Repeat exactly, and only, the lines from the line bearing "Location de vacances" through the end of the material. Do not copy the pictures.

## Data section

________

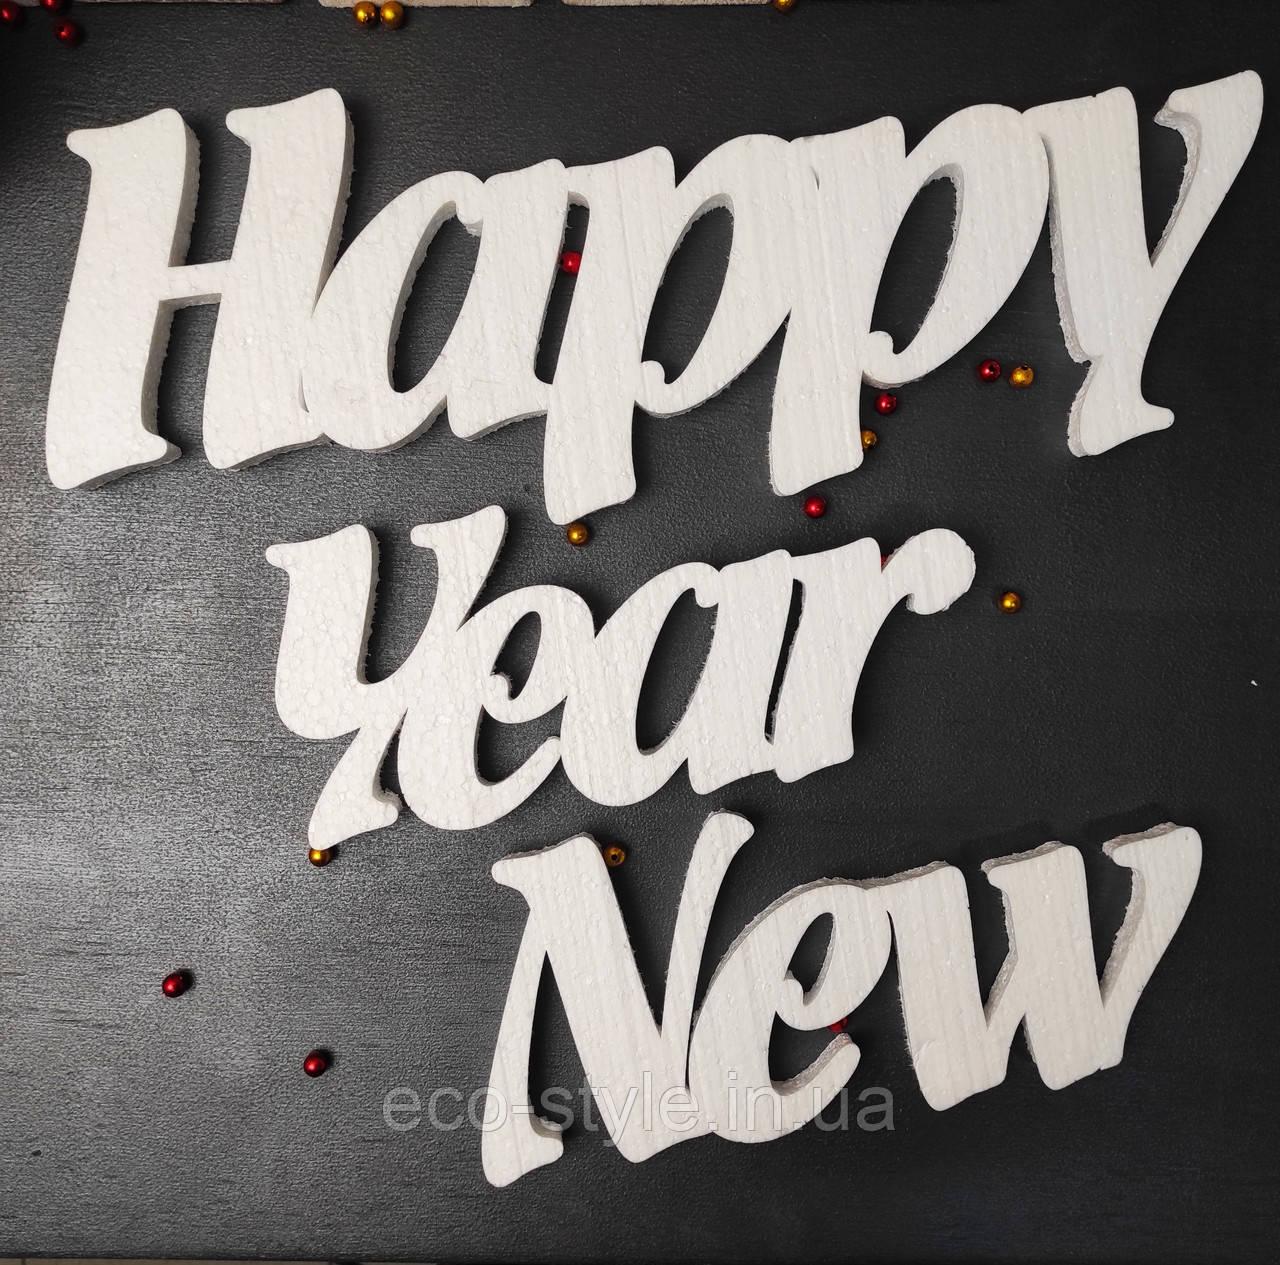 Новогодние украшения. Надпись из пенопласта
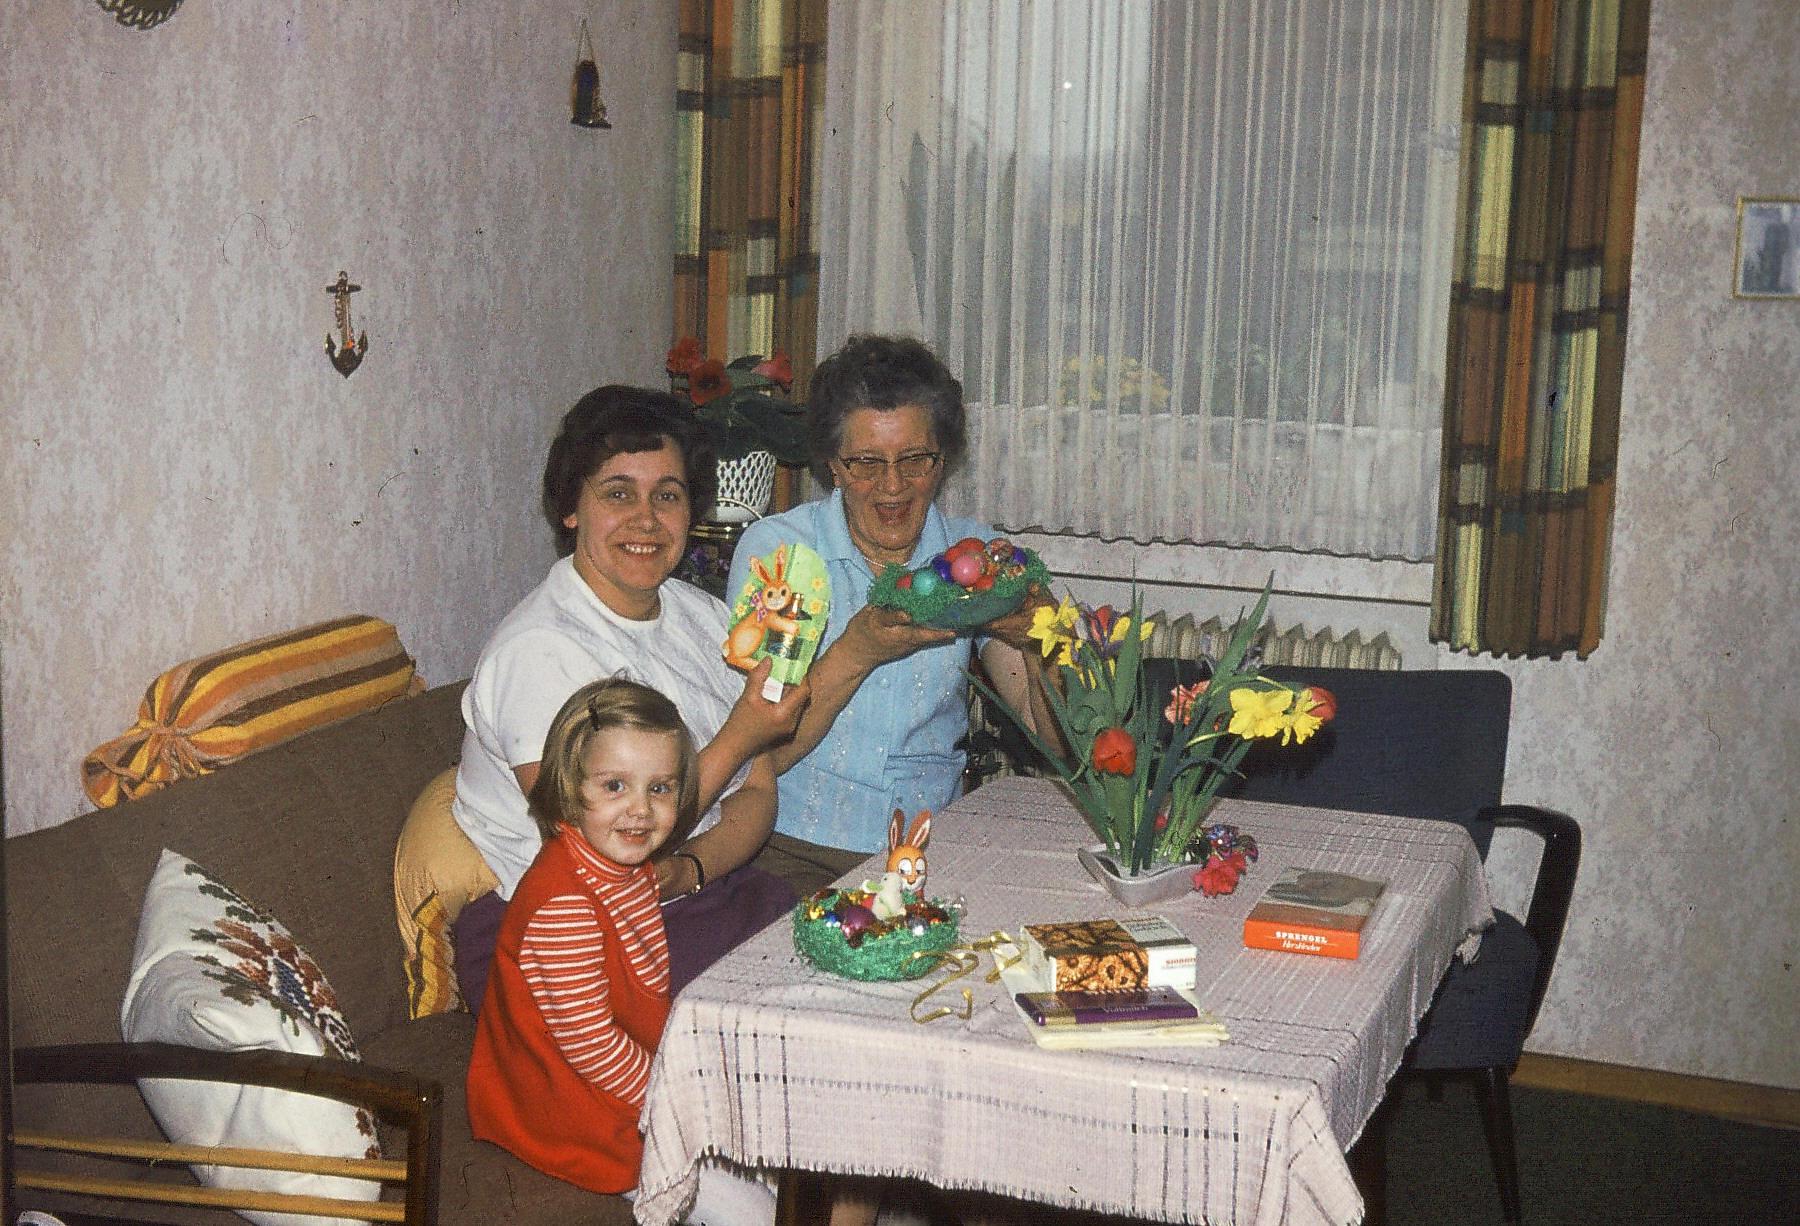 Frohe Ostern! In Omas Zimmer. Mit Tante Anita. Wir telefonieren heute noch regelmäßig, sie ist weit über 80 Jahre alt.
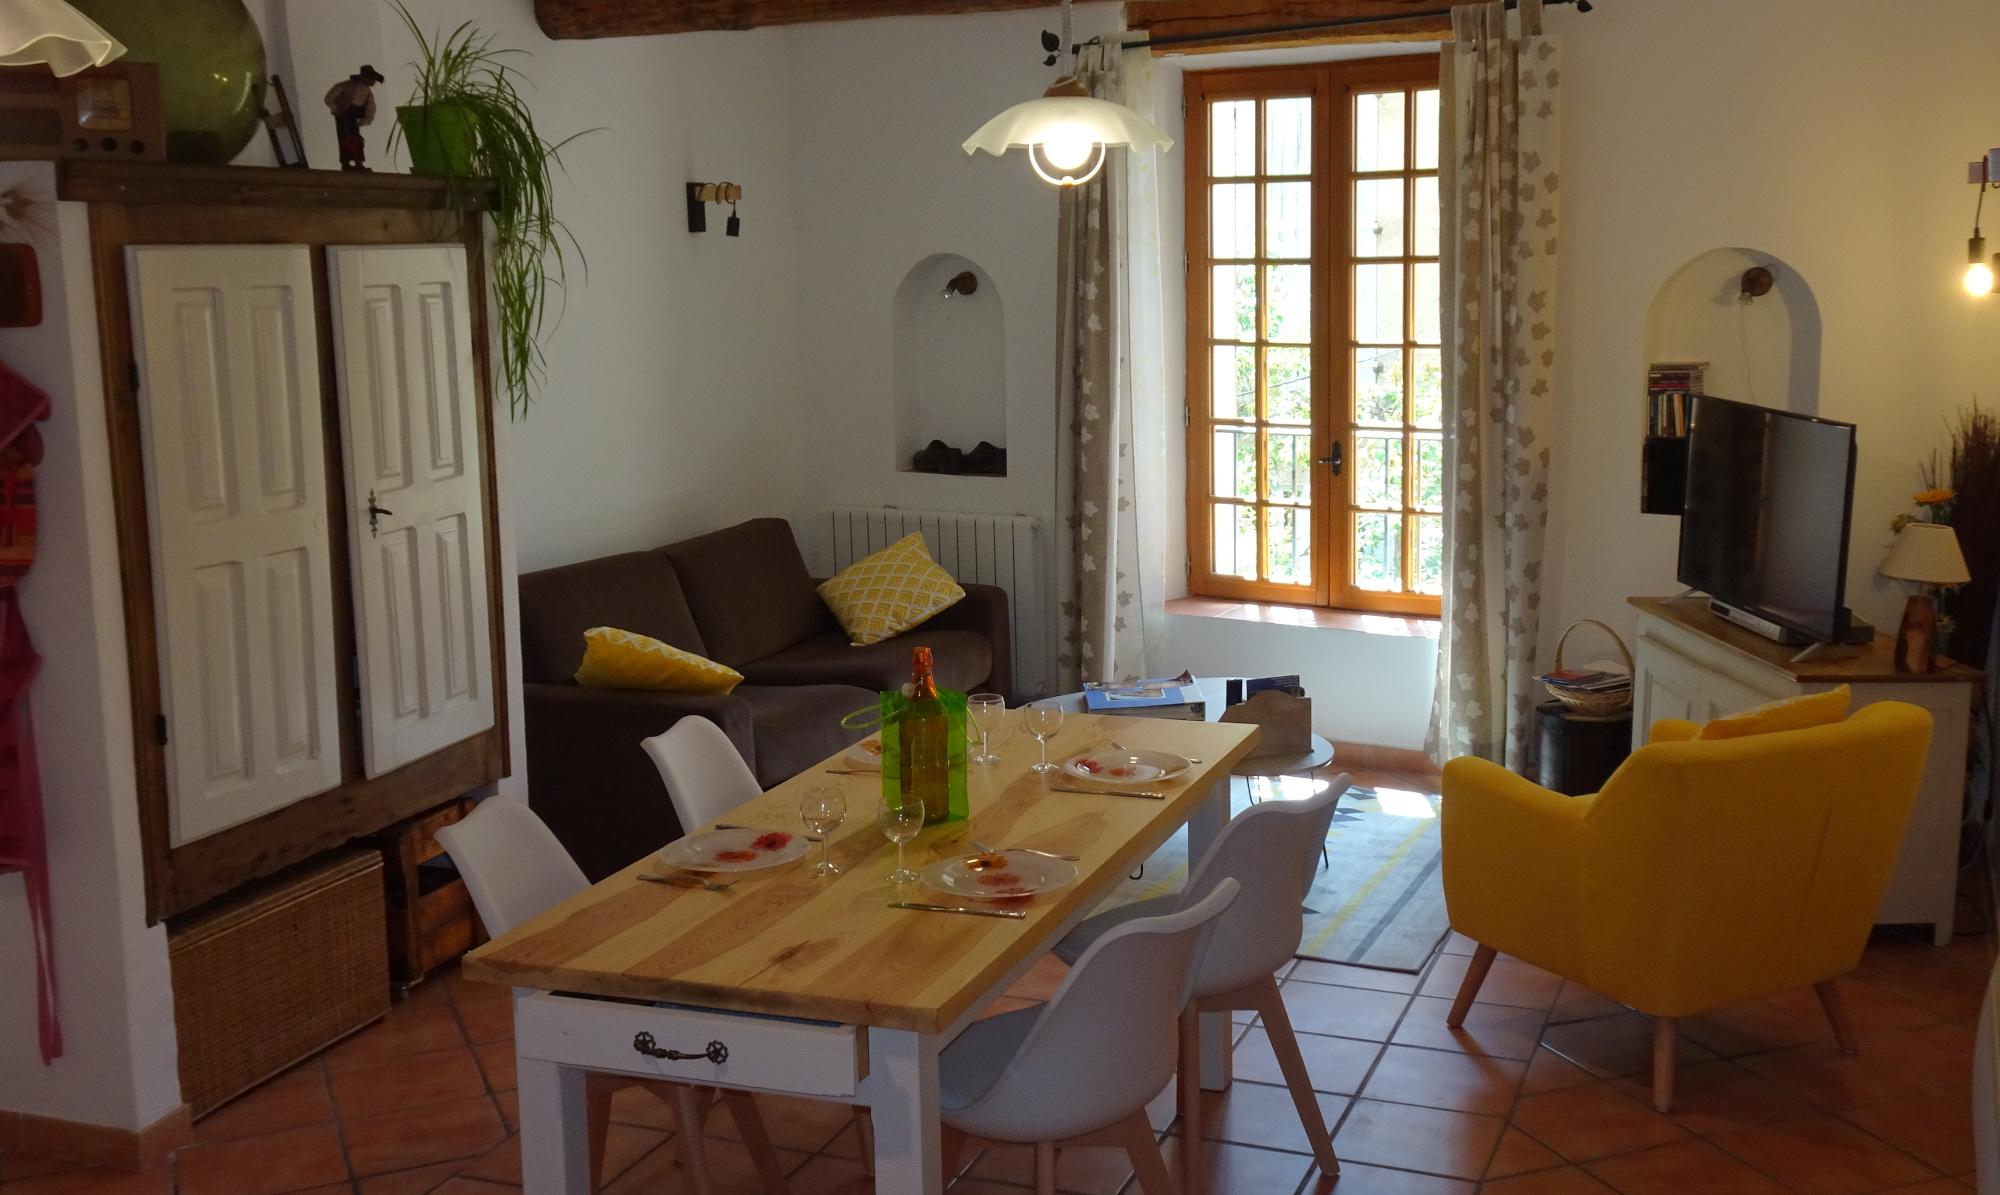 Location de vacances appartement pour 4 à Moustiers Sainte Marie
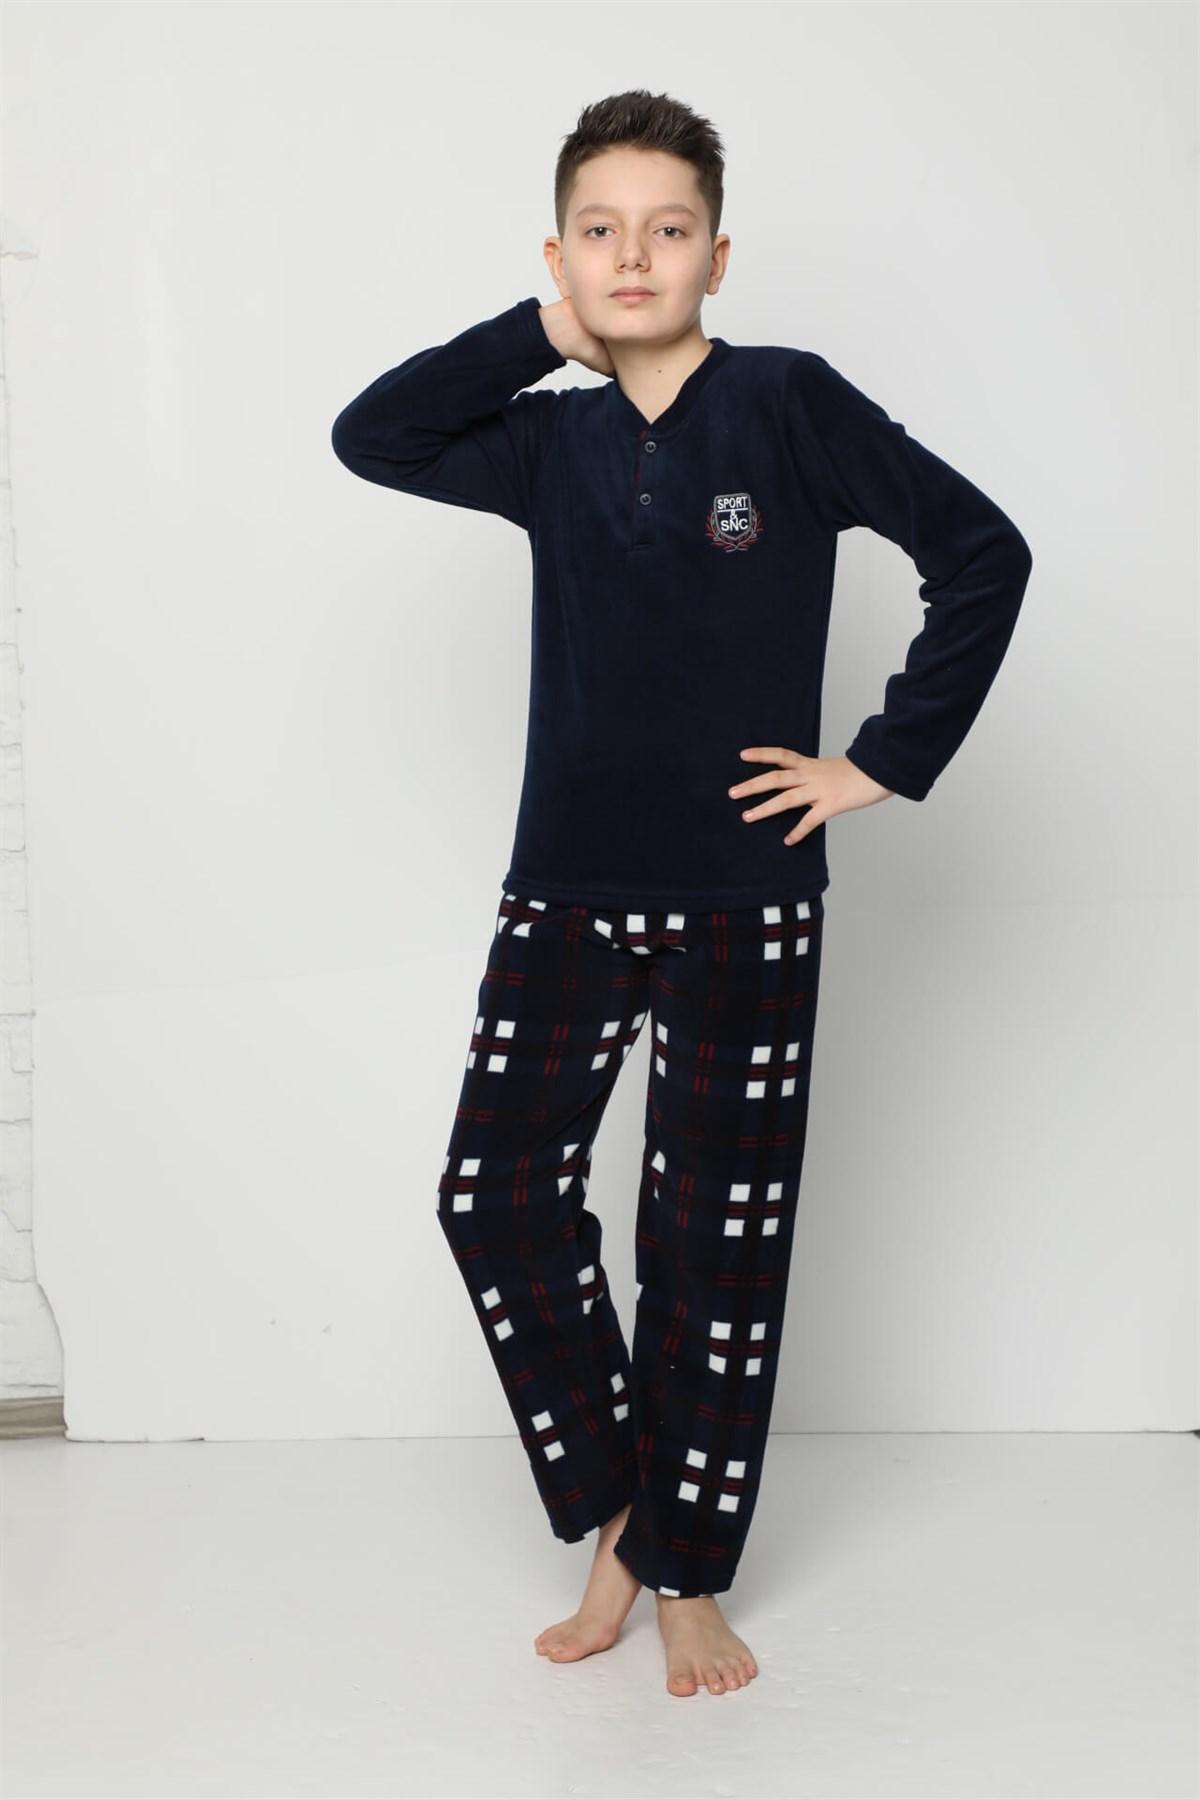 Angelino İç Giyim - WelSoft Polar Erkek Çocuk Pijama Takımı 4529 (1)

________

## Exercise result
 Location de vacances appartement pour 4 à Moustiers Sainte Marie
 Angelino İç Giyim - WelSoft Polar Erkek Çocuk Pijama Takımı 4529 (1)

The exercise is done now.